Unless you are running an illegal operation, laws and regulations should always be classed into the first category, making these requirements instantly mandatory and not subject to further risk analysis (although an ROI study should always be conducted to select the most cost-effective mitigations). For example, if the law requires you to protect private information, this is mandatory and should not be the subject of a risk-based decision. Why? Because the government may have the power to put you out of business, which is the mother of all risks (and if you want to test the government and regulators on this one, then go ahead—just don’t say that you weren’t warned!).

You are then left with risk impacts that need to be managed in other ways, the ones that have as variables potential impact and probability. At the initial requirements definition stage, you may be able to make some assumptions regarding the controls that are necessary and the ones that may not be.

Even application of these simple ideas will put you ahead of the majority of software developers. Then as we move toward the design and build stages, risk analysis should begin to test those assumptions made at the requirements stage by analyzing the risks and vulnerabilities inherent in the design.

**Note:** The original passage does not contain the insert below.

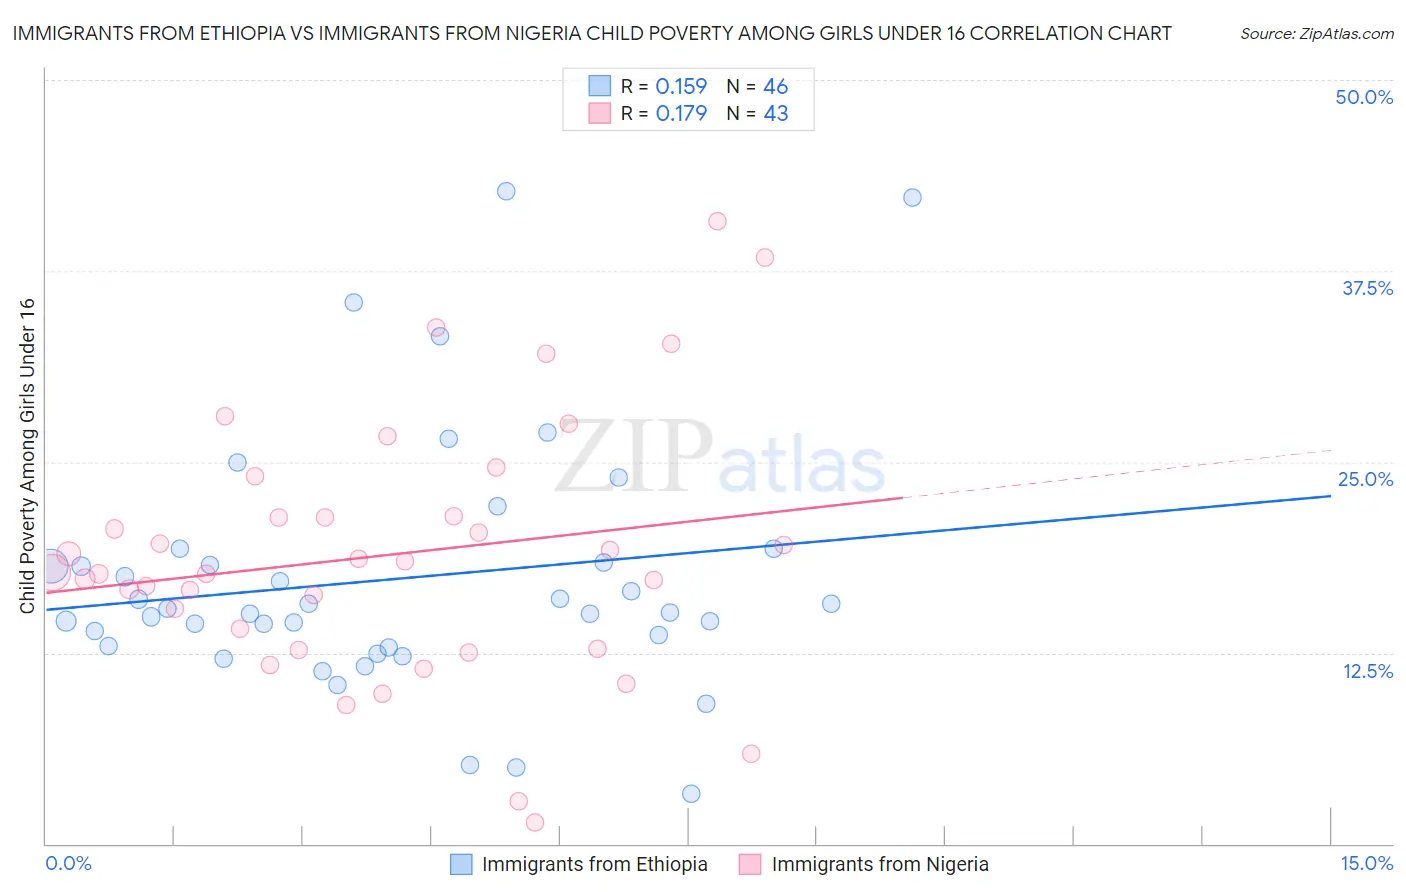 Immigrants from Ethiopia vs Immigrants from Nigeria Child Poverty Among Girls Under 16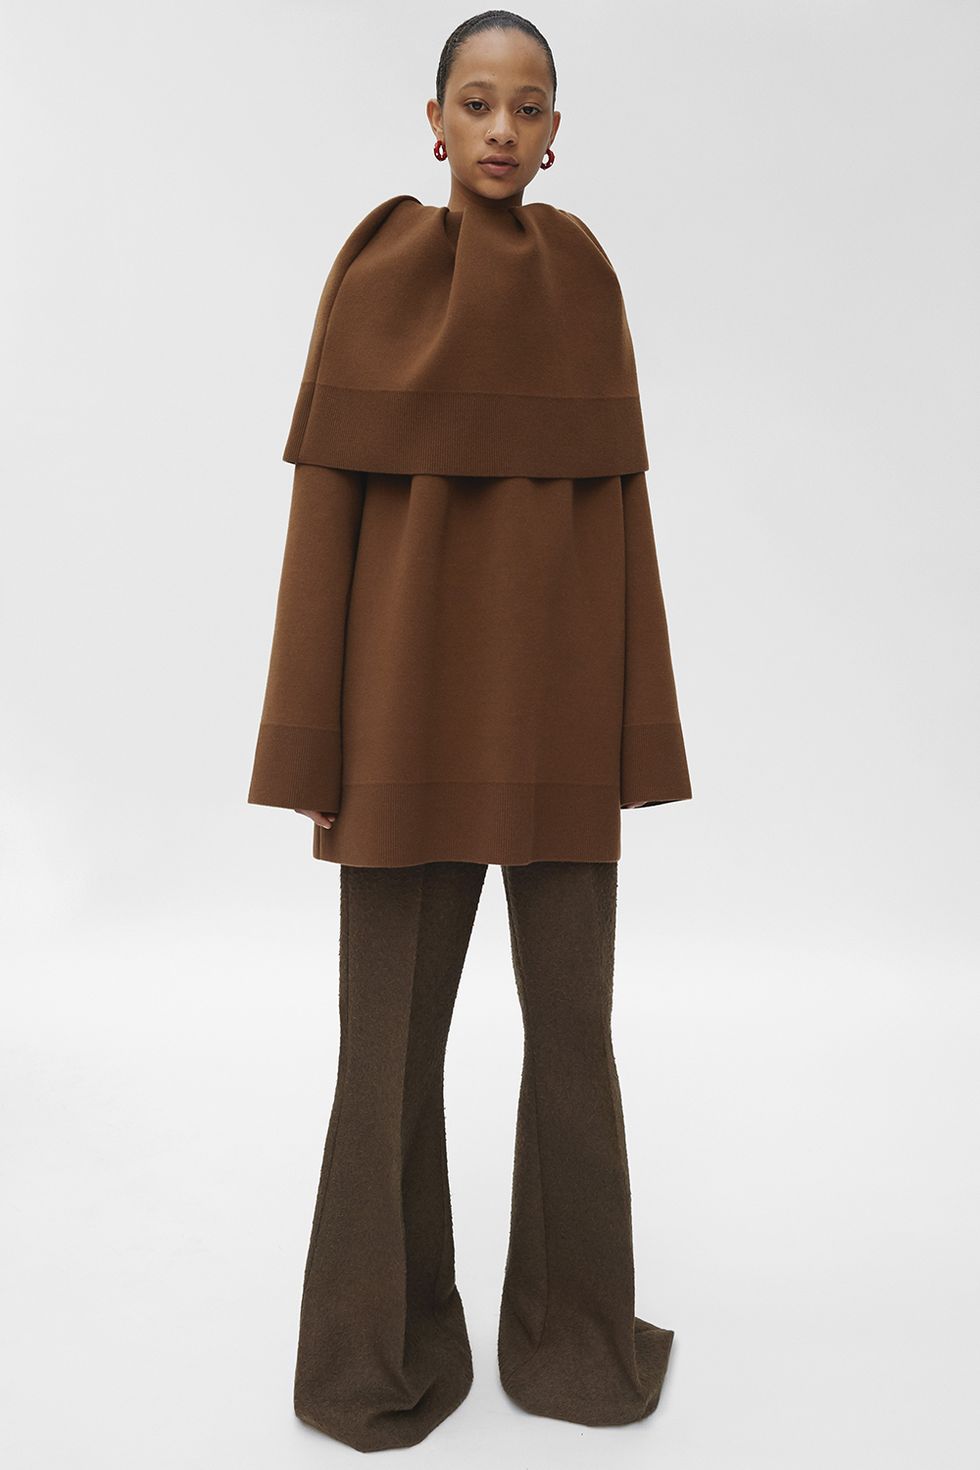 Clothing, Outerwear, Standing, Brown, Coat, Costume, Overcoat, Mantle, Cape, Neck,

Finally, tests and test planning should be driven by risk analysis results as well.

A Basic Risk Analysis Approach

To encompass the design stage, any risk analysis process should be tailored. The object of this tailoring exercise is to determine specific vulnerabilities and risks that exist for the software. A functional decomposition of the application into major components, processes, data stores, and data communication flows, mapped against the environments across which the software will be deployed, allows for a desktop review of threats and potential vulnerabilities. I cannot overemphasize the importance of using a forest-level view of a system during risk analysis. Some sort of high-level model of the system (from a whiteboard boxes-and-arrows picture to a formally specified mathematical model) makes risk analysis at the architectural level possible.

Although one could contemplate using modeling languages, such as UMLsec, to attempt to model risks, even the most rudimentary analysis approaches can yield meaningful results. Consider Figure 5-3, which shows a simple four-tier deployment design pattern for a standard-issue Web-based application. If we apply risk analysis principles to this level of design, we can immediately draw some useful conclusions about the security design of the application.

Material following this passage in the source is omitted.